Only certain lines below are wanted: those starting at the line containing "Torta salata, mozzarella, cavolo" and ending at the line containing "Hiếu chụp cùng", both included, each retyped exactly.
+-------+
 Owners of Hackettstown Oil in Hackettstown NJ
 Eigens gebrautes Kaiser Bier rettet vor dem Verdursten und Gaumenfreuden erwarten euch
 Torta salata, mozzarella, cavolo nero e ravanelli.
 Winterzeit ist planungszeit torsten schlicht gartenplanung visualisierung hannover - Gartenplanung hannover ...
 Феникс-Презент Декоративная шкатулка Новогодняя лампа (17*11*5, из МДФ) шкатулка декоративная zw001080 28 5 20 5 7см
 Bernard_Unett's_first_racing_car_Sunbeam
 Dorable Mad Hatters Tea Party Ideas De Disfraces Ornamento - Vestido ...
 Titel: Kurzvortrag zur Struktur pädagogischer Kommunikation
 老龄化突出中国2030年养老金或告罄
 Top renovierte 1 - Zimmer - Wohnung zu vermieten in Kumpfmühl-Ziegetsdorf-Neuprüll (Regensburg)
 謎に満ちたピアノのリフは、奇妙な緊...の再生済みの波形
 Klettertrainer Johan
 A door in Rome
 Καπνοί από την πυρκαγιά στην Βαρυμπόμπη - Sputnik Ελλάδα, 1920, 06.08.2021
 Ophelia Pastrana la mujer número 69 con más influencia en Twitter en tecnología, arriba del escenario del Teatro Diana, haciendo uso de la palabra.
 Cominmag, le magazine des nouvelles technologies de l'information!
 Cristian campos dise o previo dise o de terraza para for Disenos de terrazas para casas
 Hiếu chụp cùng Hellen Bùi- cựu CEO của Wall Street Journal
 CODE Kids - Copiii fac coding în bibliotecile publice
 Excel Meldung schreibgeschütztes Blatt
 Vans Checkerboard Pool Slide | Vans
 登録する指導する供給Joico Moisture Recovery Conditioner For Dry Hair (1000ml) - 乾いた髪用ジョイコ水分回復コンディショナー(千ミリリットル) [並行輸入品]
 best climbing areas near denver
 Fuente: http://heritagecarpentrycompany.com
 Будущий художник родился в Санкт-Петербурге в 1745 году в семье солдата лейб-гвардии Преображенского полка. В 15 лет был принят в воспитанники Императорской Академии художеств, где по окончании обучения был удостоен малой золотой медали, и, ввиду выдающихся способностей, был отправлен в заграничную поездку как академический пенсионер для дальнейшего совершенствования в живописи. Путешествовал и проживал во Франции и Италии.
+-------+
▸ **Exercise response**:
 Torta salata, mozzarella, cavolo nero e ravanelli.
 Winterzeit ist planungszeit torsten schlicht gartenplanung visualisierung hannover - Gartenplanung hannover ...
 Феникс-Презент Декоративная шкатулка Новогодняя лампа (17*11*5, из МДФ) шкатулка декоративная zw001080 28 5 20 5 7см
 Bernard_Unett's_first_racing_car_Sunbeam
 Dorable Mad Hatters Tea Party Ideas De Disfraces Ornamento - Vestido ...
 Titel: Kurzvortrag zur Struktur pädagogischer Kommunikation
 老龄化突出中国2030年养老金或告罄
 Top renovierte 1 - Zimmer - Wohnung zu vermieten in Kumpfmühl-Ziegetsdorf-Neuprüll (Regensburg)
 謎に満ちたピアノのリフは、奇妙な緊...の再生済みの波形
 Klettertrainer Johan
 A door in Rome
 Καπνοί από την πυρκαγιά στην Βαρυμπόμπη - Sputnik Ελλάδα, 1920, 06.08.2021
 Ophelia Pastrana la mujer número 69 con más influencia en Twitter en tecnología, arriba del escenario del Teatro Diana, haciendo uso de la palabra.
 Cominmag, le magazine des nouvelles technologies de l'information!
 Cristian campos dise o previo dise o de terraza para for Disenos de terrazas para casas
 Hiếu chụp cùng Hellen Bùi- cựu CEO của Wall Street Journal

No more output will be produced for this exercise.